The Ghana Revenue Authority (GRA) has announced that the new Value Added Tax (VAT) reforms will take effect from January 1, 2026, following the passage of the VAT Bill, 2025, and its approval by the President.
The reforms represent a major restructuring of Ghana’s tax system, aimed at simplifying VAT administration, consolidating existing tax laws, scrapping the COVID-19 Levy, and improving compliance through increased digitisation. The changes are also designed to promote fairness, support economic growth, and strengthen domestic revenue mobilisation.
According to the GRA, the reforms form part of recommendations from the International Monetary Fund (IMF) to reduce bureaucracy in tax collection and make the system more efficient.

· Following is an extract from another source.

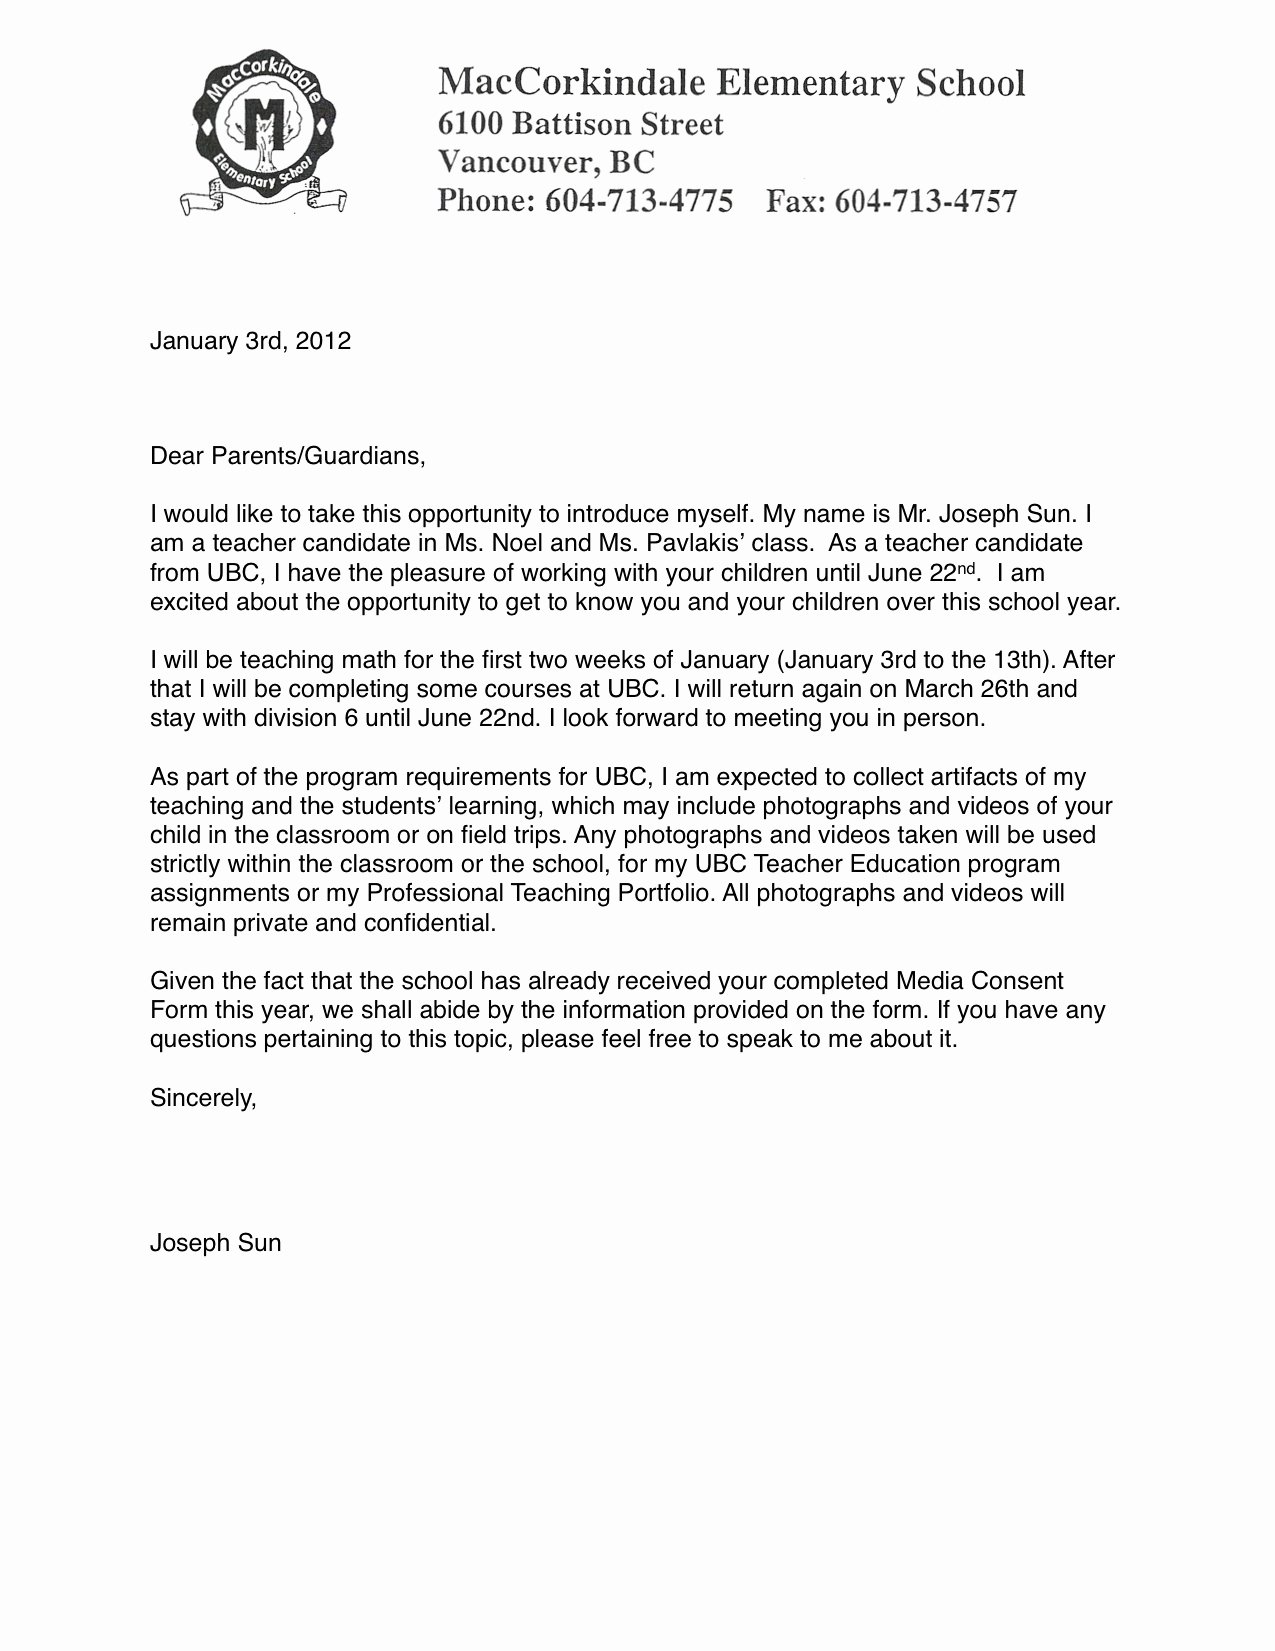 Letter to Parent Template New 301 Moved Permanently

Key aspects of the new VAT regime include the unification of the flat-rate system, a reduction in the effective VAT rate, the ability for businesses to deduct GETFund and National Health Insurance Levy (NHIL) payments as input tax, and improved revenue efficiency. The reforms will also rely heavily on digital tools such as the E-VAT system to ensure more accurate and transparent tax collection.
Speaking to journalists, the Commissioner for the Domestic Tax Revenue Division, Dr Martin Kolbil Yamborigya, explained that consumers will now pay a total VAT rate of 20 percent on goods and services, down from the previous effective rate of 21.9 percent.
The GRA says the new system is expected to ease the tax burden on consumers while improving compliance and efficiency across the economy.